MCWord Definitions

Number of Letters:

Frequency of Orthographic Form:

FREQ: Frequency is a measure of how often a wordform is encountered in 1,000,000 presentations of text. It is based on the raw frequency of the string in the modified CELEX database (see the main page), and converted to frequency per million. If a string has a frequency of 0, then it is not in the CELEX database.

Orthographic Neighborhood Statistics (Coltheart's N):

Orth: This is the number of orthographic neighbors that a string has. An orthographic neighbor is defined as a word of the same length that differs from the original string by only one letter. For example, given the word 'cat', the words 'bat', 'fat', 'mat', 'cab', etc. are considered orthographic neighbors.
Orth_F: This is the averaged frequency (per million) of the orthographic neighbors.

Constrained Unigram Statistics:

N1_F: This is the averaged frequency (per million) of the constrained unigrams for the wordform. A constrained unigram is defined as a specific letter in a specific position, in a specific length of word. That is, the 'c' in 'cat' is considered the same 'c' as in 'cot', but not in 'act', or 'catch'.
N1_C: This is a count of the number of wordforms that share the same constrained unigrams (analogous to a Coltheart N measure).

Constrained Bigram Statistics:

N2_F: This is the averaged frequency (per million) of the constrained bigrams for the wordform. A constrained bigram is defined as a specific two letter combination (bigram) in a specific position, in a specific length of word. That is, the 'ca' in 'cat' is considered the same 'ca' as in 'can', but not in 'act' ('ac' is different than 'ca'), or 'catch'. Note that single letters do not have bigram statistics, and therefore are listed as NA for this measure.
N2_C: This is a count of the number of wordforms that share the same constrained bigrams (analogous to a Coltheart N measure).
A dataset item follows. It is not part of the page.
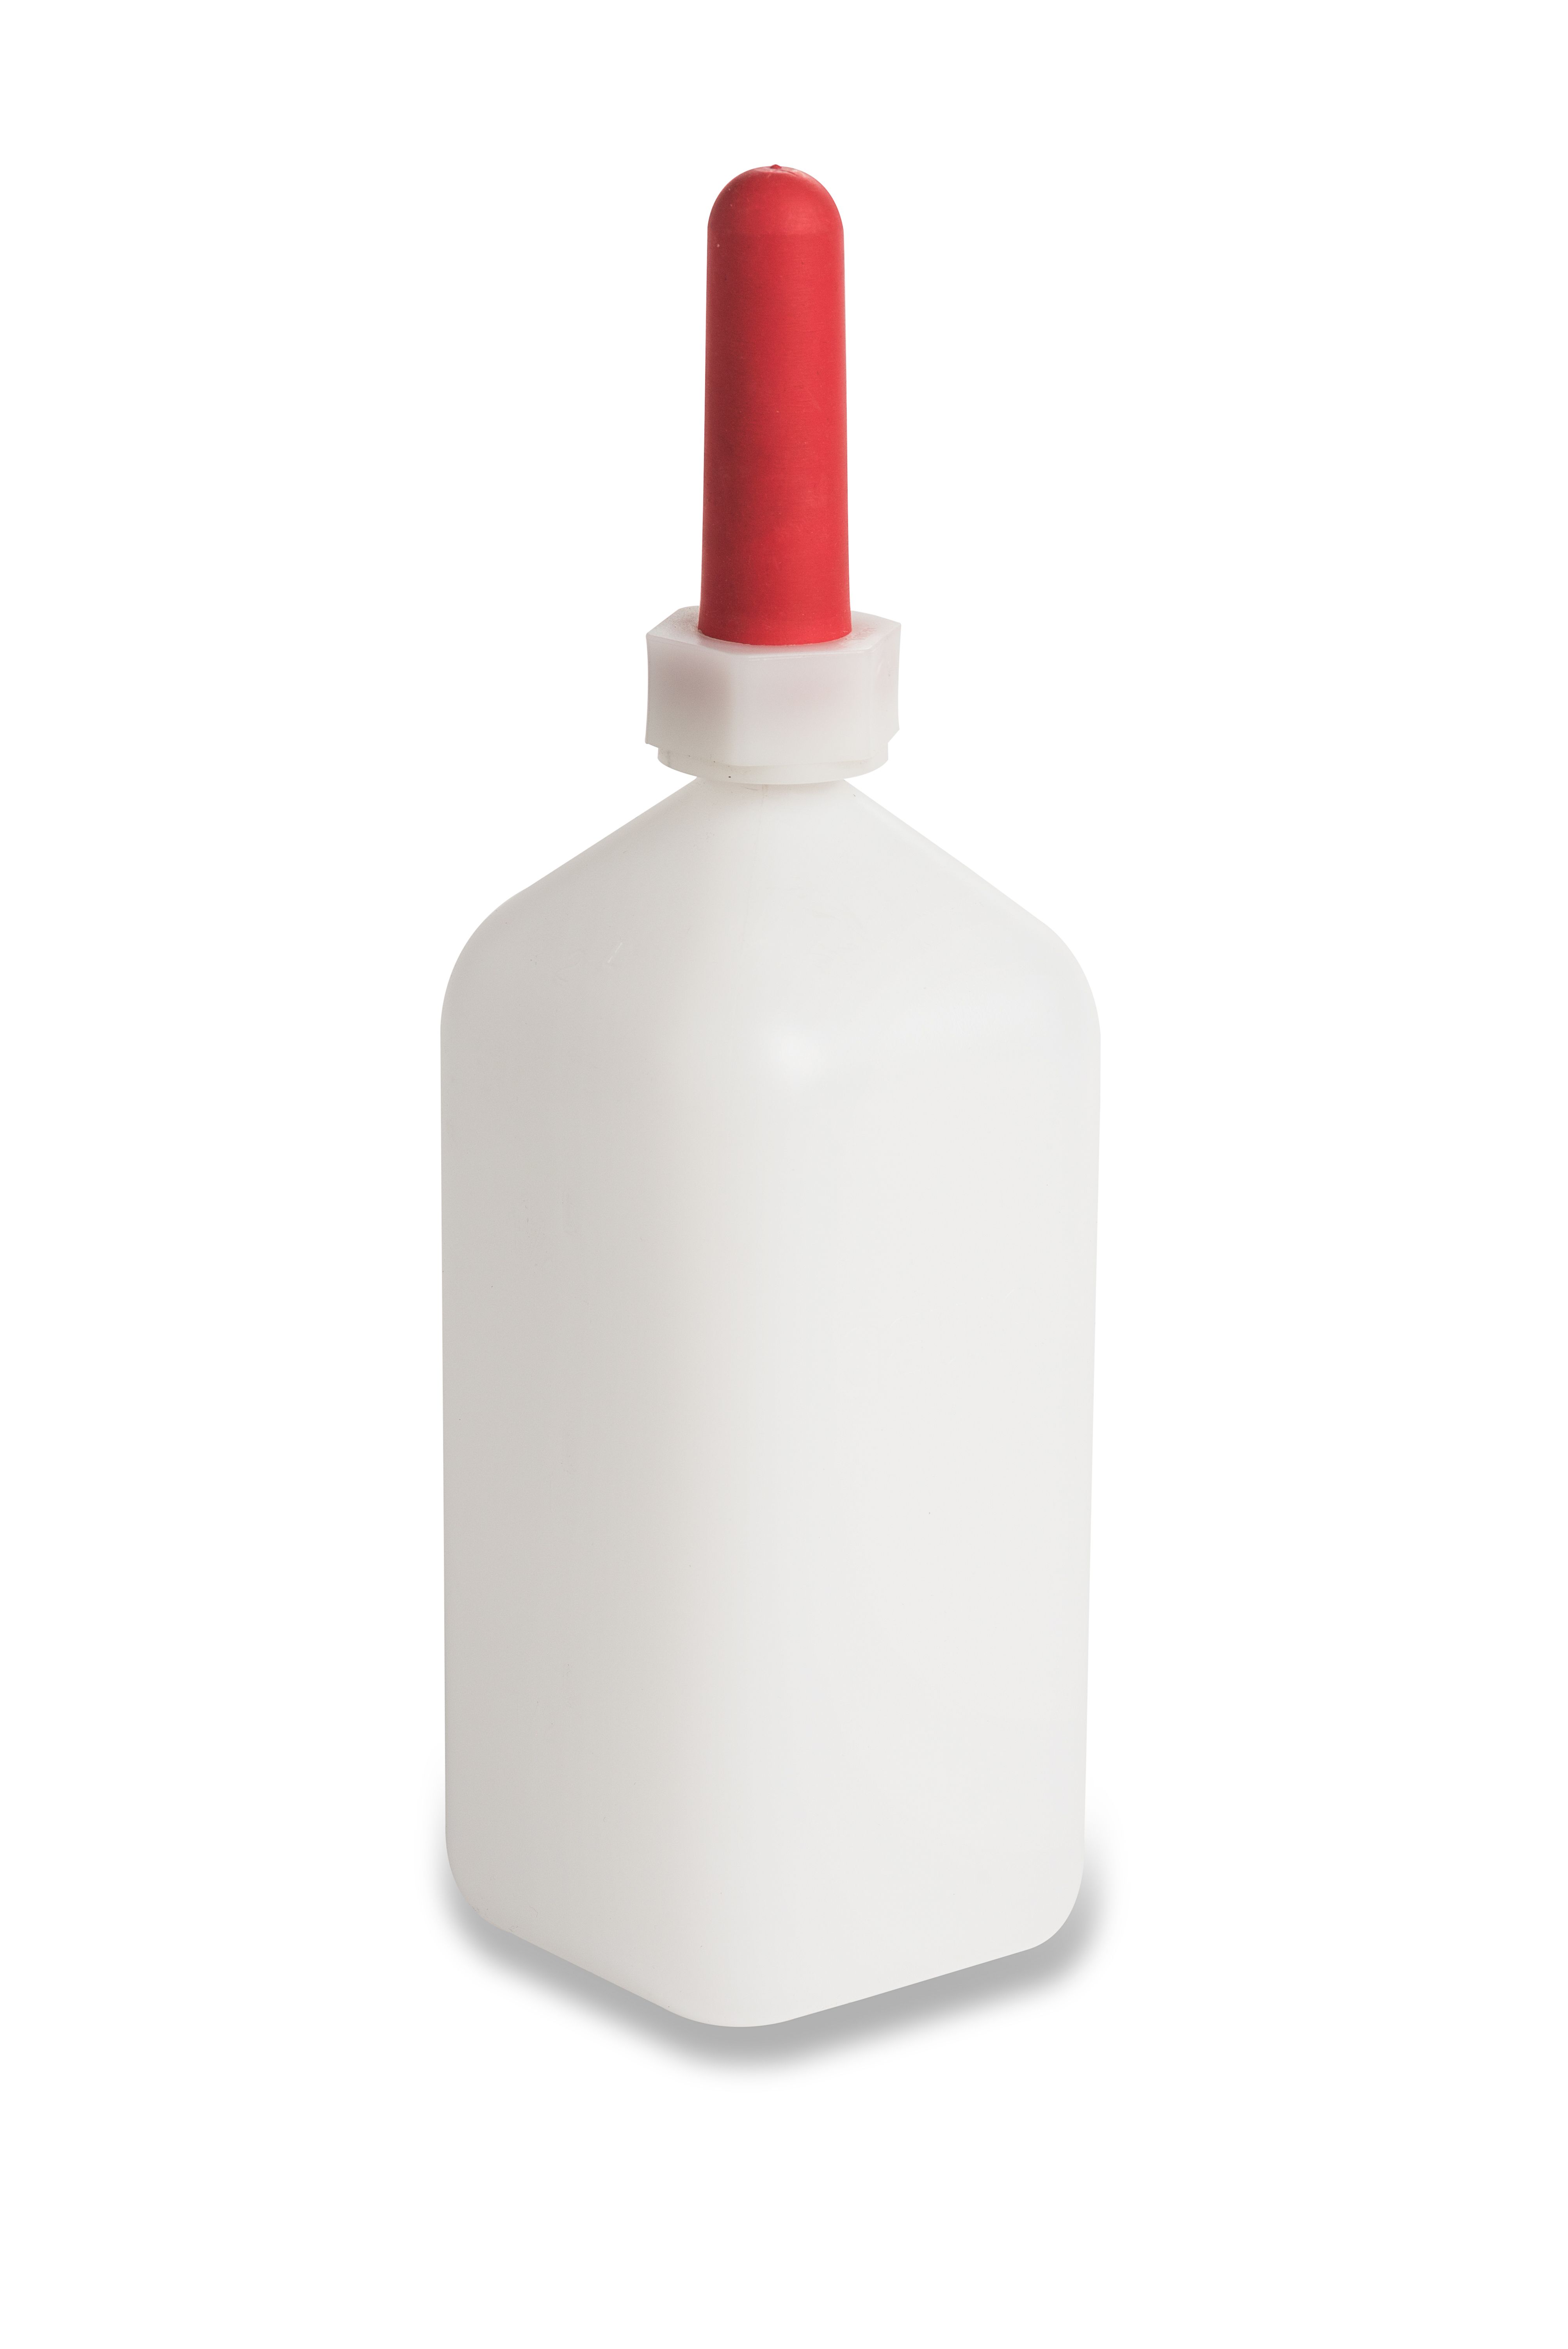 Kälberaufzucht - Tränkeflasche 2 Liter HD 222

Constrained Trigram Statistics:

N3_F: This is the averaged frequency (per million) of the constrained trigrams for the wordform. A constrained trigram is defined as a specific three letter combination (trigram) in a specific position, in a specific length of word. That is, the 'sta' in 'stage' is considered the same 'sta' as in 'staff', but is different from the trigram in 'stay' . Note that single letters and two letter stings do not have trigram statistics, and therefore are listed as NA for this measure.
N3_C: This is a count of the number of wordforms that share the same constrained trigrams (analogous to a Coltheart N measure).

Unconstrained Unigram Statistics:

UN1_F: This is the averaged frequency (per million) of the unconstrained unigrams for the wordform. An unconstrained unigram is defined as a specific letter within a word, regardless of its position, or the wordlength.
UN1_C: This is a count of the number of wordforms that share the same unigrams (analogous to a Coltheart N measure).

Unconstrained Bigram Statistics:

UN2_F: This is the averaged frequency (per million) of the constrained bigrams for the wordform. An unconstrained bigram is defined as a specific two letter combination (bigram) within a word, regardless of its position, or the wordlength. For example, the 'ba' in 'bat' is considered the same as the 'ba' in 'tabasco'. Note that single letters do not have bigram statistics, and therefore are listed as NA for this measure.
UN2_C: This is a count of the number of wordforms that share the same bigrams (analogous to a Coltheart N measure).

Unconstrained Trigram Statistics:

UN3_F: This is the averaged frequency (per million) of the constrained trigrams for the wordform. An unconstrained trigram is defined as a specific three letter combination (trigram) within a word, regardless of its position, or the wordlength. For example, the trigram 'sta' in 'stand' is considered the same as the trigram 'sta' in 'standard' and in 'estate'. Note that single letters and two letter stings do not have trigram statistics, and therefore are listed as NA for this measure.
UN3_C: This is a count of the number of wordforms that share the same trigrams (analogous to a Coltheart N measure).